Struct datafusion_physical_plan::joins::HashJoinExec
source · pub struct HashJoinExec {
pub left: Arc<dyn ExecutionPlan>,
pub right: Arc<dyn ExecutionPlan>,
pub on: Vec<(PhysicalExprRef, PhysicalExprRef)>,
pub filter: Option<JoinFilter>,
pub join_type: JoinType,
pub mode: PartitionMode,
pub projection: Option<Vec<usize>>,
pub null_equals_null: bool,
/* private fields */
}
Expand description
Join execution plan: Evaluates eqijoin predicates in parallel on multiple partitions using a hash table and an optional filter list to apply post join.
§Join Expressions
This implementation is optimized for evaluating eqijoin predicates (
<col1> = <col2>
) expressions, which are represented as a list of Columns
in Self::on
.
Non-equality predicates, which can not pushed down to a join inputs (e.g.
<col1> != <col2>
) are known as “filter expressions” and are evaluated
after the equijoin predicates.
§“Build Side” vs “Probe Side”
HashJoin takes two inputs, which are referred to as the “build” and the “probe”. The build side is the first child, and the probe side is the second child.

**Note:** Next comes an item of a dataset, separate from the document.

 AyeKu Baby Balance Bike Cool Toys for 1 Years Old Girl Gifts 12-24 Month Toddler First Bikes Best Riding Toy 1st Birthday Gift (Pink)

The two inputs are treated differently and it is VERY important that the smaller input is placed on the build side to minimize the work of creating the hash table.
┌───────────┐
│ HashJoin │
│ │
└───────────┘
│ │
┌─────┘ └─────┐
▼ ▼
┌────────────┐ ┌─────────────┐
│ Input │ │ Input │
│ [0] │ │ [1] │
└────────────┘ └─────────────┘
"build side" "probe side"
Execution proceeds in 2 stages:
- the build phase creates a hash table from the tuples of the build side, and single concatenated batch containing data from all fetched record batches. Resulting hash table stores hashed join-key fields for each row as a key, and indices of corresponding rows in concatenated batch.

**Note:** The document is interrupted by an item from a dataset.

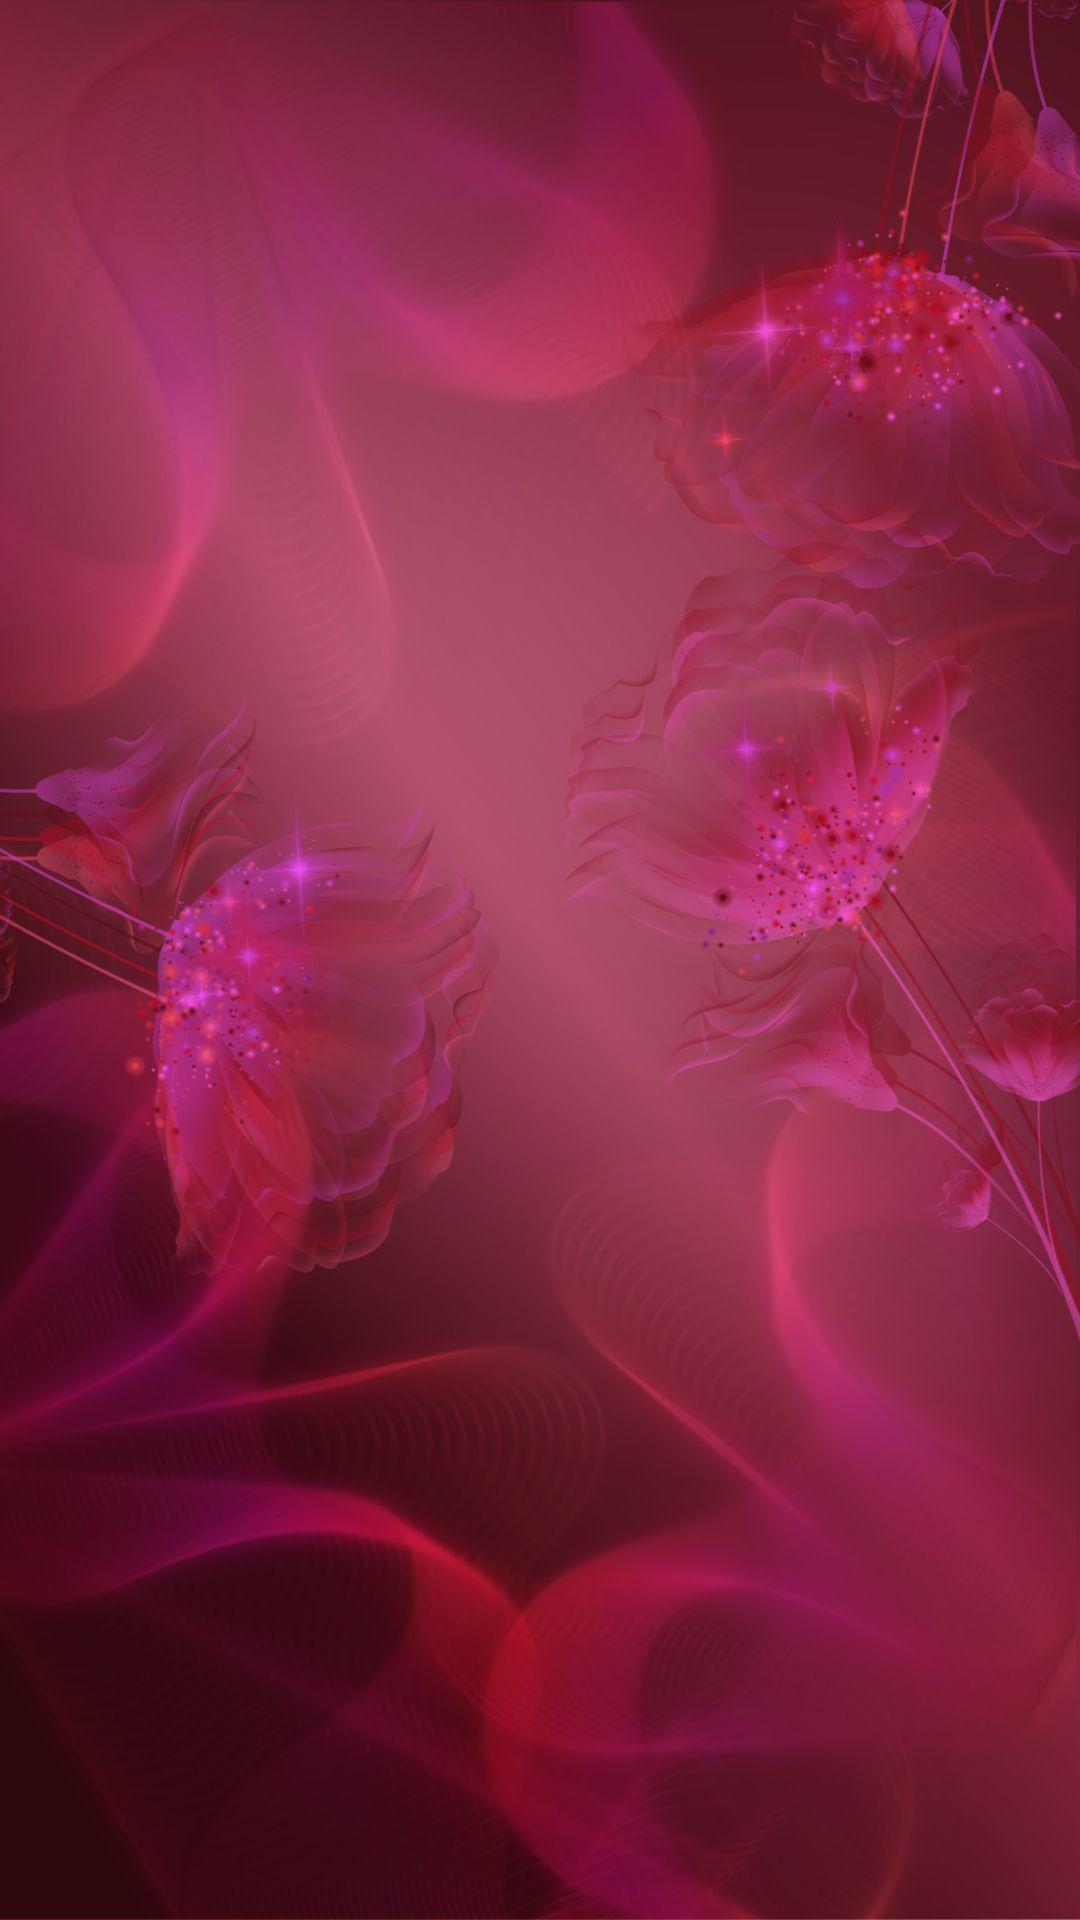 Psychedelic Wallpaper Background With Glowing Flowers On Pink Red Violet Gradient, 1080*1820 (9 16).. Glowing Flowers, Pink And Red Wallpaper, Pretty Wallpaper

Hash join uses LIFO data structure as a hash table, and in order to retain original build-side input order while obtaining data during probe phase, hash table is updated by iterating batch sequence in reverse order – it allows to keep rows with smaller indices “on the top” of hash table, and still maintain correct indexing for concatenated build-side data batch.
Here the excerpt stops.